For reference, I already looked at the following questions:

  1. Gensim LDA for text classification
  2. Python Gensim LDA Model show_topics funciton

I am looking to have my LDA model trained from Gensim classify a sentence under one of the topics that the model creates. Something long the lines of

lda = models.LdaModel(corpus=corpus, id2word=id2word, num_topics=7, passes=20)
lda.print_topics()
for line in document: # where each line in the document is its own sentence for simplicity
    print('Sentence: ', line)
    topic = lda.parse(line) # where the classification would occur
    print('Topic: ', topic)

I know gensim does not have a parse function, but how would one go about accomplishing this?
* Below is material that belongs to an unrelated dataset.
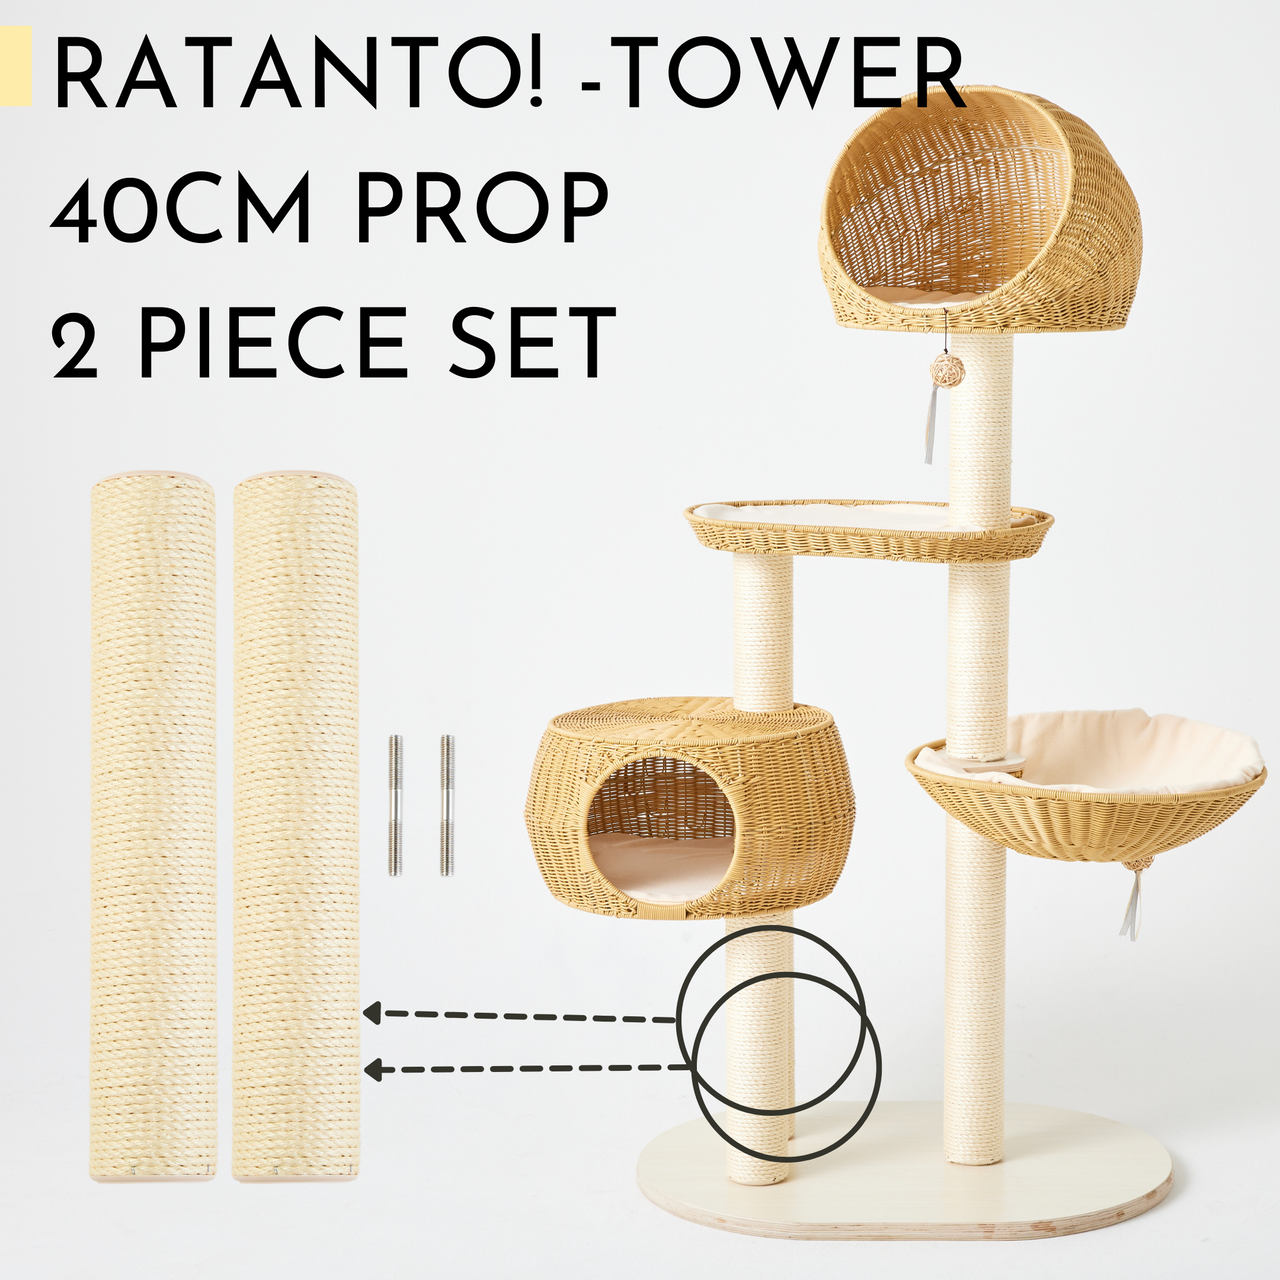 ratanto!シリーズ 置き型キャットタワー専用 交換用支柱40cm2本

Here is the documentation that I've been following but I haven't gotten anywhere with it:

https://radimrehurek.com/gensim/auto_examples/core/run_topics_and_transformations.html#sphx-glr-auto-examples-core-run-topics-and-transformations-py

Thanks in advance.

edit: More documentation- https://radimrehurek.com/gensim/models/ldamodel.html

sophros
  • 14,672
  • 11
  • 46
  • 75
Q.H.
  • 1,406
  • 2
  • 17
  • 33

1 Answers1

1

Let me get your problem right: You want to train a LDA Model on some documents an retrieve 7 topics. Then you want to classify new documents in one (or more?) of these topics, meaning you want to infer topic distributions on new, unseen documents.

If so, the gensim documentation provides answers.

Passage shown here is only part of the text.